Я старалась повторять сразу за ней, а Раш быстро записывал – тоже, по-моему, так точно, как мог.
– Кнолля – судить на закрытом заседании? – спросил Броук.
– Нет, – тут же ответила Виллемина. – Пусть будет показательный процесс. Нам нужно показать всем эту точку зрения – и сделать вывод: она приводит к преступлению перед страной.
– Орстена – казнить? – спросил Броук. – То, что он жив, меня нервирует.
– Нет, – вздохнула Виллемина. – Как бы ни было, он – родственник государя. Одиночное заключение. Пожизненно. Тайно доставить в монастырь Блаженного Ромма на Каменном острове, замуровать в каземат как государственного изменника. Не оповещать прессу и свет: он мёртв для всех, мы о нём забыли.
– Кнолля? – спросил Броук.
– Полагаю, он будет приговорён к публичному повешению, по закону – как обвиняемый в государственной измене и покушении на убийство королевы, – сказала Виллемина. – Если суд решит так, то я помилую его, заменив казнь пожизненным заключением. И распоряжусь, чтобы ему приносили свежие газеты. Я хочу, чтобы он увидел, к чему вело его предательство – и ради чего он пошёл на убийство. Увидел – и понял.
Ничего себе, подумала я, повторяя. Раш кивнул понимающе. Броук содрогнулся.
– Концерн «Сталепрокат Кнолля» переходит в собственность прибережной короны, – продолжала Виллемина. – Позаботьтесь о надёжном управляющем, дорогой мессир Раш. Мне нужен человек, который не будет задерживать выполнение королевского заказа.
– Спуск на воду подводного судна откладываем? – спросил Броук.
– Нет, – сказала Виллемина. – Он состоится в назначенное время. Надеюсь, я смогу присутствовать.
Я за это время уже немного освоилась и привыкла – наловчилась повторять за моей Вильмой почти слово в слово.

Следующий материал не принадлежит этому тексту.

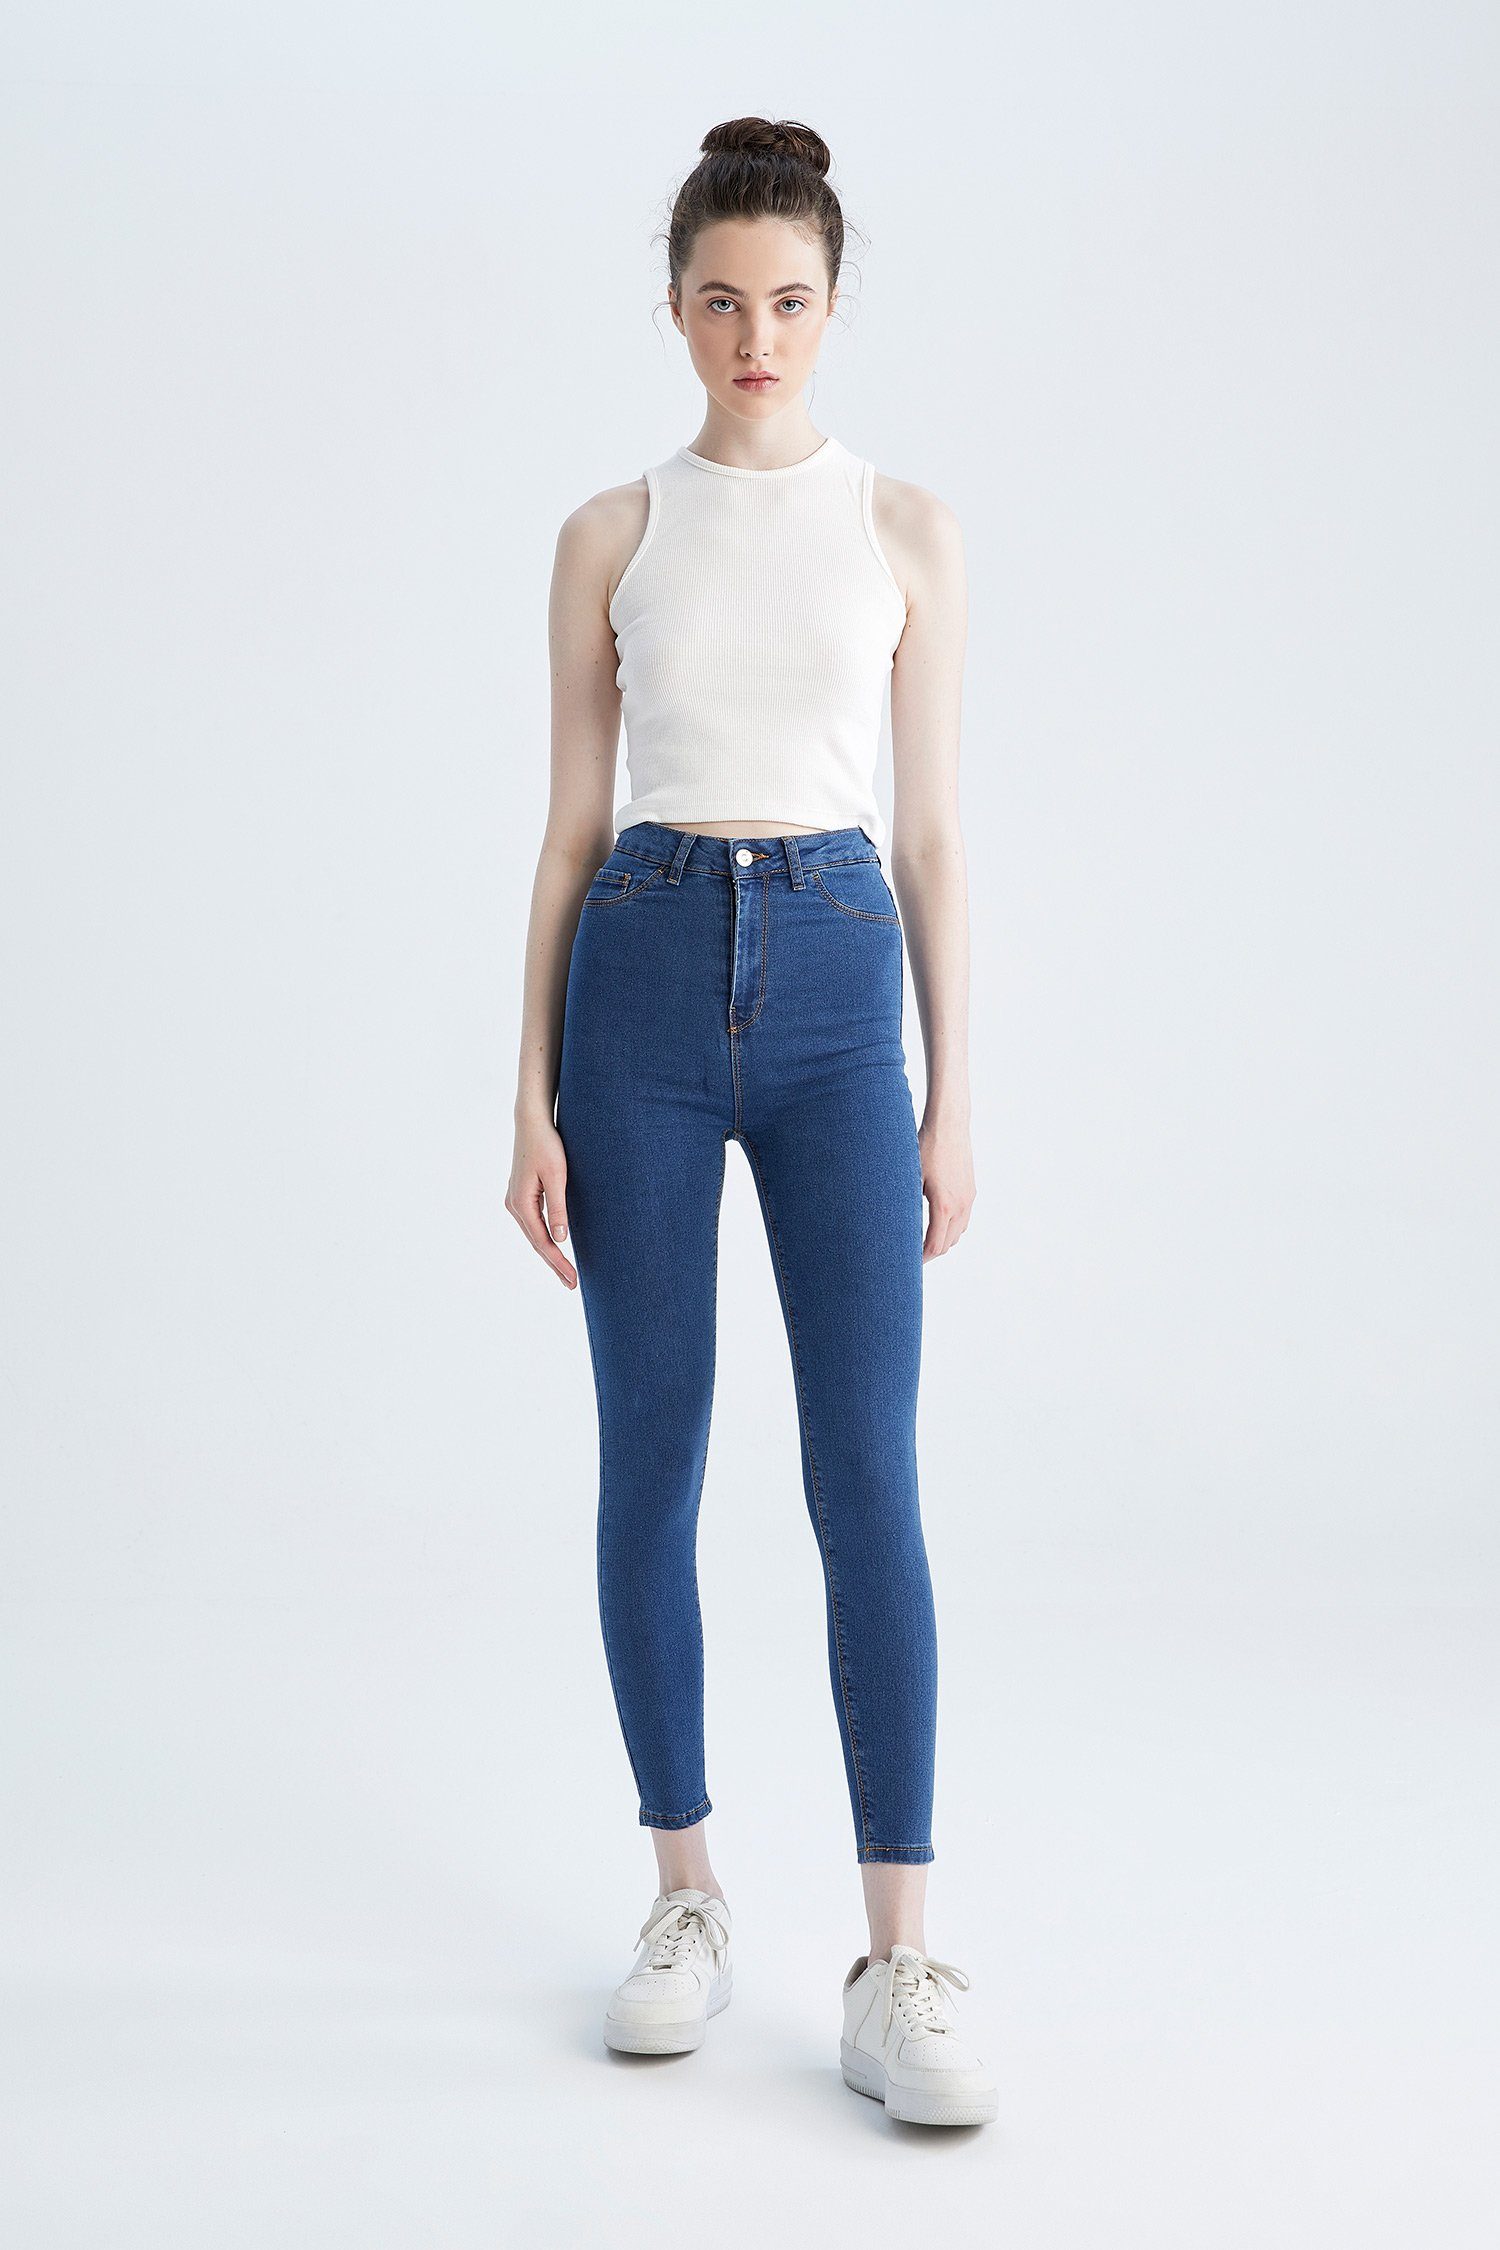 DeFacto Skinny-fit-Jeans Skinny-fit-Jeans Blau

И когда она отпустила Броука, чтобы начать обсуждать с Рашем курс ценных бумаг, состояние государственных счетов и всякое такое, от чего мой бедный мозг норовил свернуться в штопор, – я почти не путалась.
Только устала, будто на мне впрямь ездили верхом.
Отпустив Раша, Виллемина сочувственно мне улыбнулась:
– Мы почти закончили, дорогая. Я думаю, мы отложим донесения внешней разведки, послов и визит маршала до завтра. Мне кажется, что объяснять прекраснейшим мессирам Лиэру и Ирдингу придётся уж слишком много. Наверное, не стоит, верно?
– Вот она, королевская мудрость, – я случайно хихикнула. – Не знаю, как Ирдинг, я с ним плохо знакома, а вот Лиэр точно свихнётся.
– Постепенно привыкнет, – улыбнулась Вильма. – Мессиры миродержцы же привыкли. Даже фрейлины не шарахаются от мессира Валора – а уж военные-то и подавно приноровятся. Если я что-то понимаю, нам всем придётся постоянно привыкать к чему-то довольно жуткому или отвратительному… наступает тяжёлое время.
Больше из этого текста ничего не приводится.